A tenor de las imágenes, el enésimo testimonio de Chabrol contra los burgueses peca de la misma rutina y banalidad que achaca a esa clase social que tanto detesta
Aunque no goce de la atención mediática y el culto profesados a Woody Allen, Claude Chabrol está logrando estrenar con regularidad en España los turbios dramas sobre la clase media en que se centró, con excepciones, apenas pasado el sarampión de la Nouvelle vague. El norteamericano y el francés comparten un mismo interés por los rincones oscuros de la naturaleza humana, aunque Allen se permita unas reflexiones existencialistas y unos deslizamientos genéricos que Chabrol, más sabio o más vago, elude a favor de la insistencia en lo criminal y una mirada demiúrgica, transparente, que algunos ligan a las obras de madurez realizadas por Alfred Hitchcock y Fritz Lang.
Ambos tienen otra característica en común, y es su estancamiento artístico en una fórmula reiterativa, reconocible por un público tan acomodado como ellos que disfruta contemplando sus debilidades expuestas con una malevolencia circunscrita al visionado de la película correspondiente. Tras él, tanto autor como espectador pueden decirse que son un poco más sabios, y seguir con lo suyo sin variar ni un ápice sus planteamientos. En este sentido, uno de los detalles más inquietantes de Una chica cortada en dos es el retrato de su protagonista, Charles (François Berléand), un escritor maduro a quien los demás califican a lo largo del metraje de bon vivant, gourmet y narrador excelente aunque a veces convencional, y que seguramente responde a la visión lúcida que Chabrol tiene de sí mismo ahora que manufactura sus películas en familia y en serie, y que reconoce recurrir a novelas o a las hemerotecas para inspirarse porque le aburre “andar inventando tramas de intriga”.
En Una chica cortada en dos el punto de partida es un hecho real, el asesinato en la Nueva York de 1906 de un célebre arquitecto a manos del marido de su última amante, una estrella de variedades; suceso que ya habían ficcionado previamente la novela ‘Ragtime’ (1975) y el film La chica del trapecio rojo (1955). Chabrol modifica la anécdota original haciendo del arquitecto un novelista (el citado Charles), de la starlette una atractiva presentadora televisiva, Gabrielle (Ludivine Sagnier), y del cornudo vengador un niñato inestable y malcriado de buena familia, Paul (Benoît Magimel en su tercera colaboración con Chabrol, lo mejor de la función).
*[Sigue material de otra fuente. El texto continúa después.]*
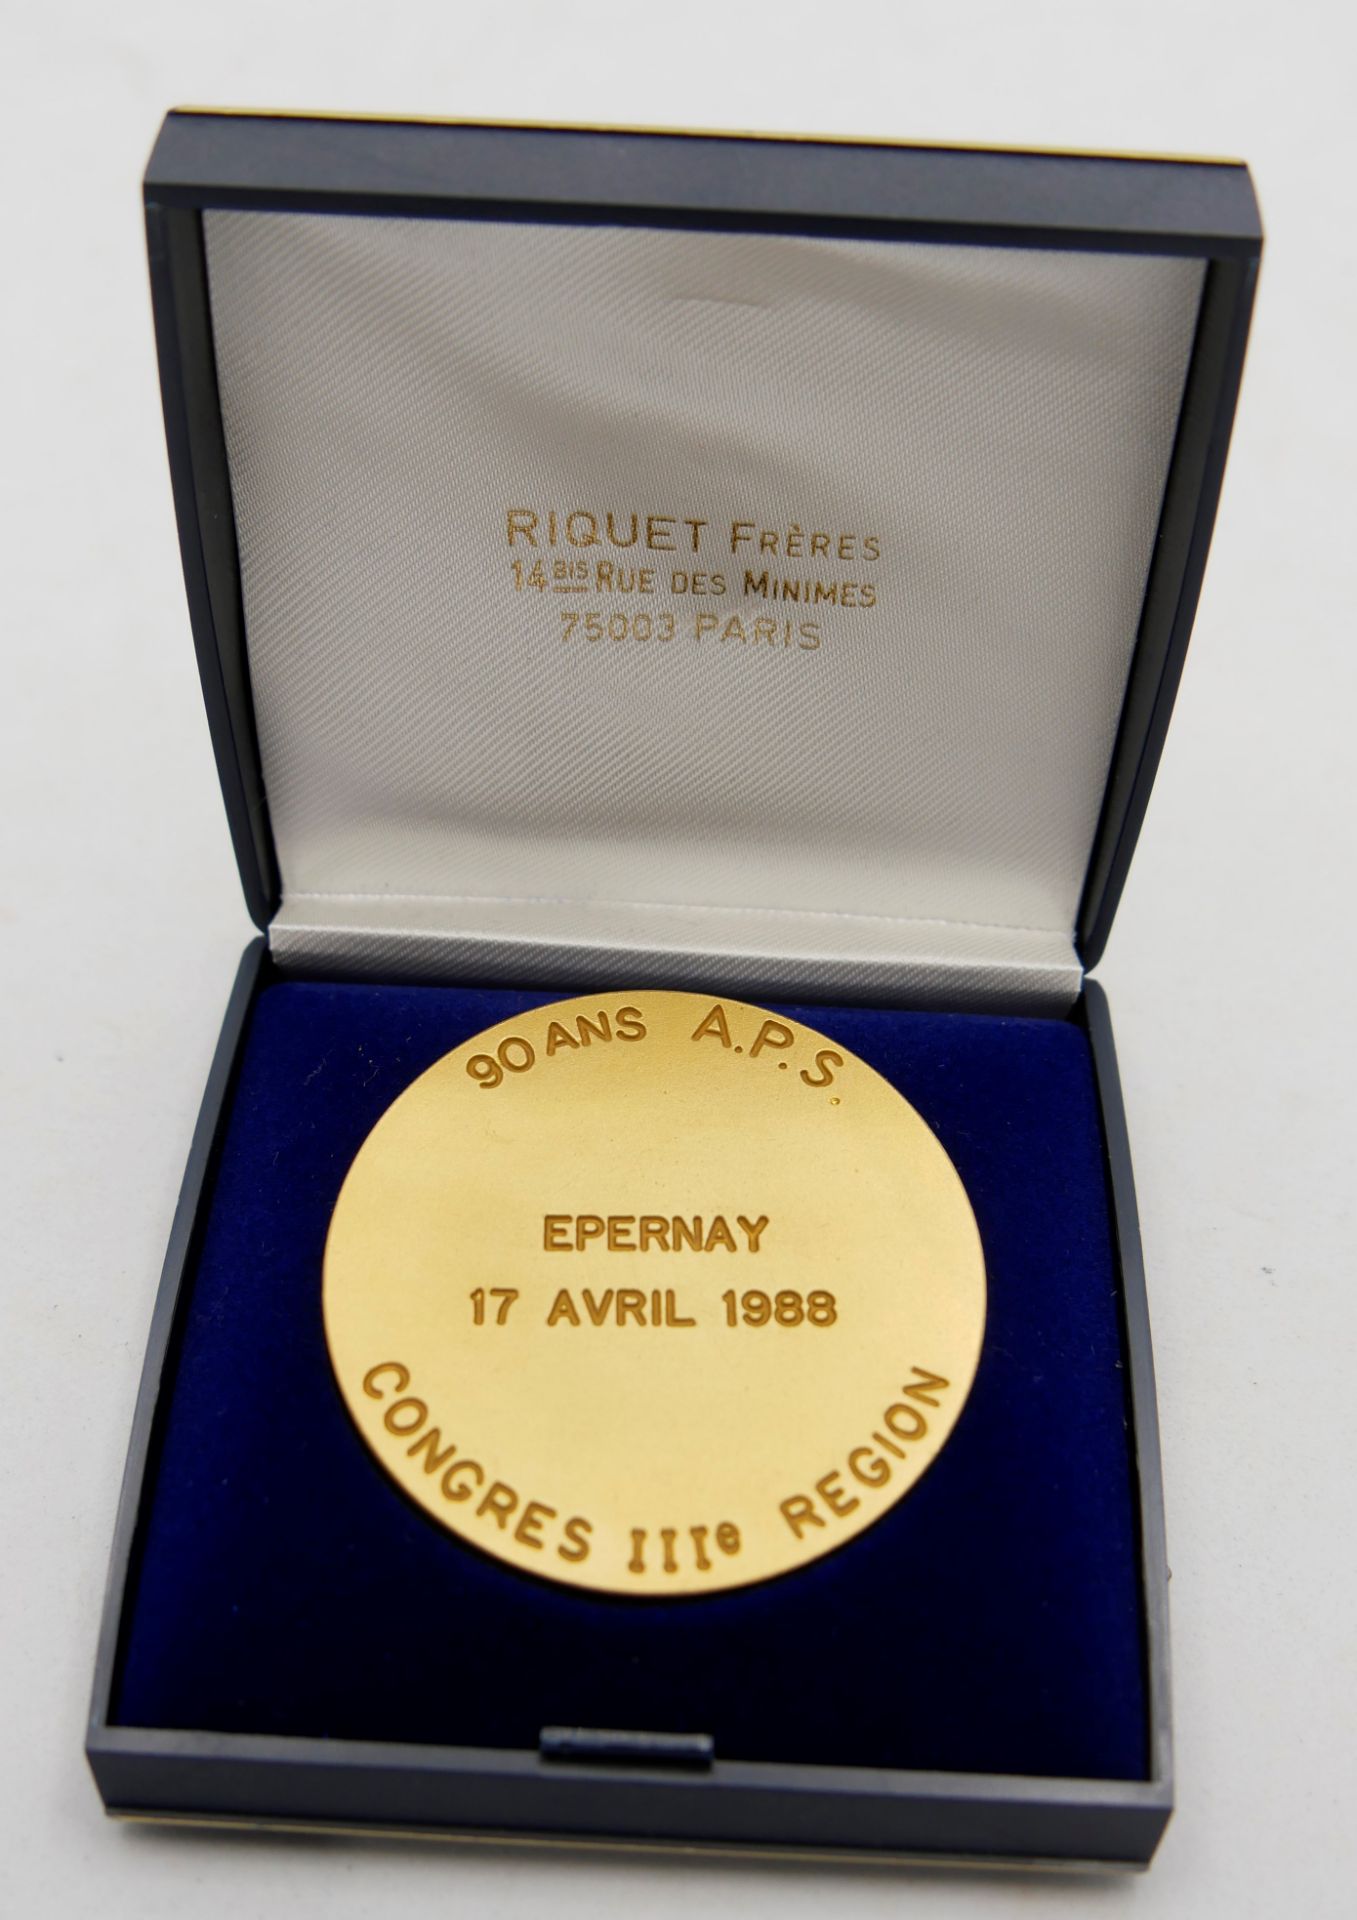 1 Medaille von Riquet Freres Paris für 90 ANS A.P.S. Epernay, 17 Avril 1988 Congress III, Region - Image 3 of 4

El problema de la película no es tanto que Chabrol la haya realizado veinte veces, con lo que su agudeza, su humor soterrado y su cinismo en cuanto a las motivaciones humanas y el carnaval social ya no nos sorprendan. Podrían seguir haciéndolo si no fuese porque a tenor de las imágenes tampoco le sorprenden a él, porque su estilo es un testimonio progresivo de rutina. Una chica cortada en dos, como muchas propuestas recientes de Woody Allen, se constituye en ejercicio meramente enunciativo, cuando no desmañado. Somos conscientes de que se nos está soltando un discurso en torno a personajes escindidos entre su naturaleza animal y la imagen que tienen de sí mismos y con la que transitan la cotidianeidad, pero no existe ninguna voluntad creativa en el empeño.
Hay quien justifica esta superficialidad achacándola a una coherencia entre el devenir hipócrita, banal, de las criaturas de ficción y las estrategias formales del cineasta. Desengañémonos: una película se rueda para revelarnos la realidad trabajándose los contrastes, los matices y las zonas de sombra, y no limitándose a ser una instantánea sin mayor mérito crítico (?) que la espontaneidad aparente de los retratados. No hay nada más falso que la espontaneidad, delante y detrás de las cámaras. Chabrol termina por parecerse demasiado a Charles, que desperdicia el amor de Gabrielle en nombre de la tranquilidad de espíritu, al igual que el director francés prostituye su talento y sus réditos para poder seguir en el tajo y conseguir mesa en buenos restaurantes.